Spielberg’s Fear of Potter

Director explains why he said 'No' to Harry


by empire |
Published on

He may be one of the most powerful people in Hollywood, but Steven Spielberg maintains that he's permanently afraid of his movies turning out to be stinkers. 'I'm the fraidy-cat who makes a picture and immediately assumes that nobody is going to show up the first day, and it will be reviled around the world,' Spielberg tells the New York Times. 'Relief is the largest reaction I have to a film that's well received and opens well. I don't celebrate. I don't have victory parties. I simply feel relief.' Given that his last movie, Saving Private Ryan, grossed upwards of $500 million - it seems Spielberg has little to fear from a movie-going public that will flock in their millions to see dismal sequels like The Mummy Returns.
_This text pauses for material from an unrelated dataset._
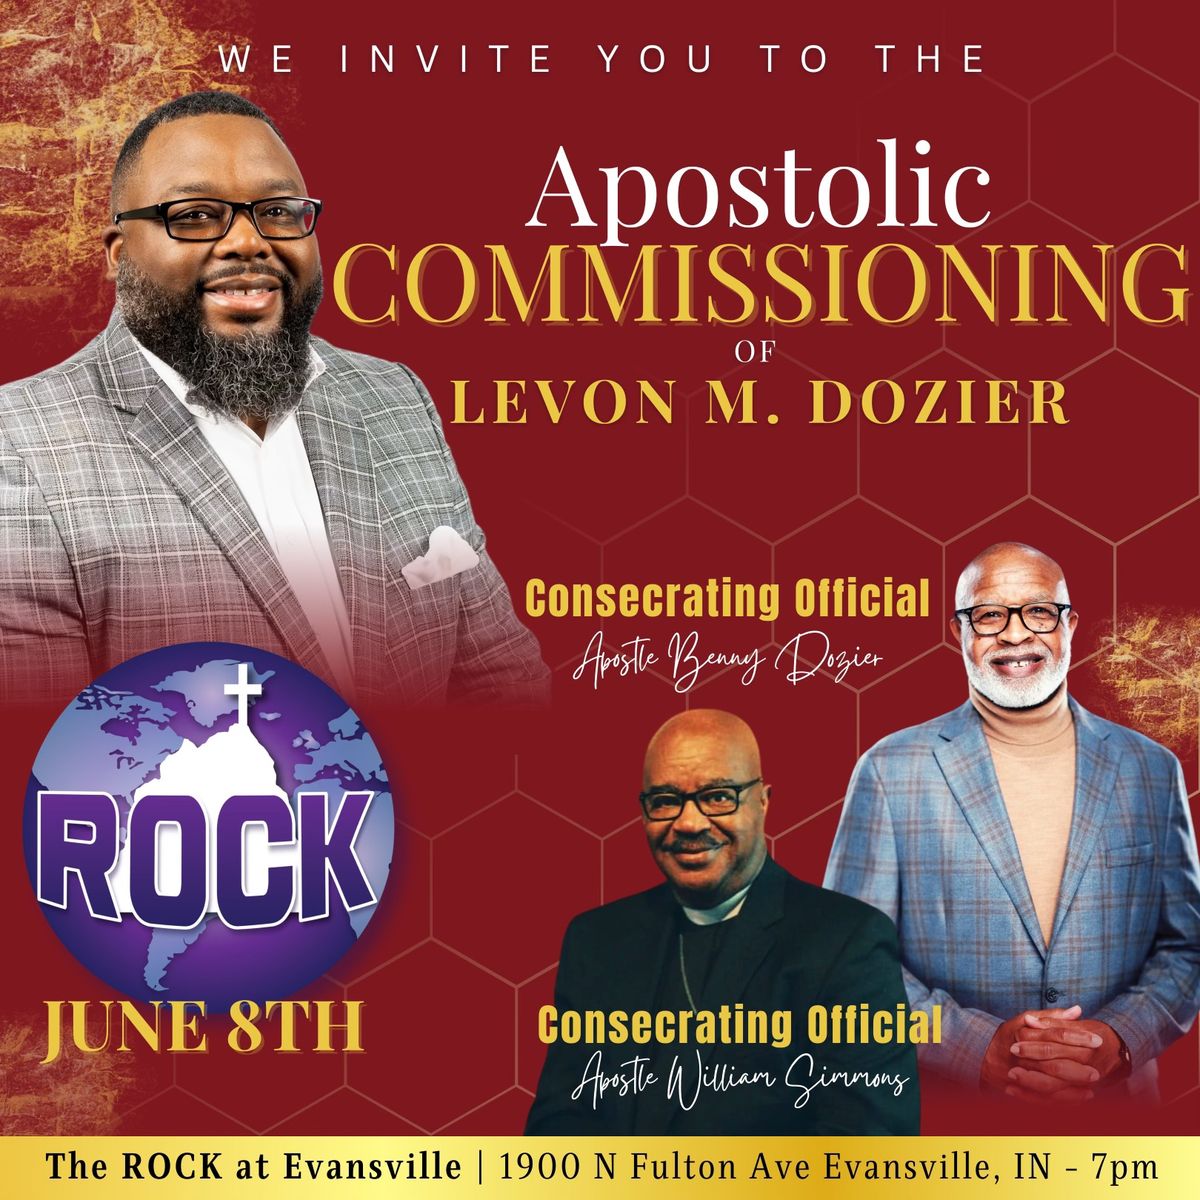 Apostolic Commissioning of Levon M. Dozier

But it's the kind of rejection that the director received after The Color Purple that in the end prevented him from taking on the movie many were hoping to see him direct - Harry Potter. "[The Colour Purple] was a film where there was more ink shed on the comparison with the Alice Walker novel than there was on the merits or problems with the film,' explains Spielberg. 'Every kid in the world will be waiting to see how close `Harry Potter' will be to the books," he said. "And if they make it religiously and everybody gives it up to the book, there will be tremendous satisfaction.' 'For me it was like shooting ducks in a barrel. It was a slamdunk. It would have been like drawing up a check for $1bn and putting it into my account.' Asked what he will make next, Spielberg says; 'I have three irons in the fire.' Those three are Memoirs of a Geisha, which Spielberg says he will 'probably' direct, a movie adaptation of Daniel Wallace's novel Big Fish and a film about the final six years of Abraham Lincoln's life.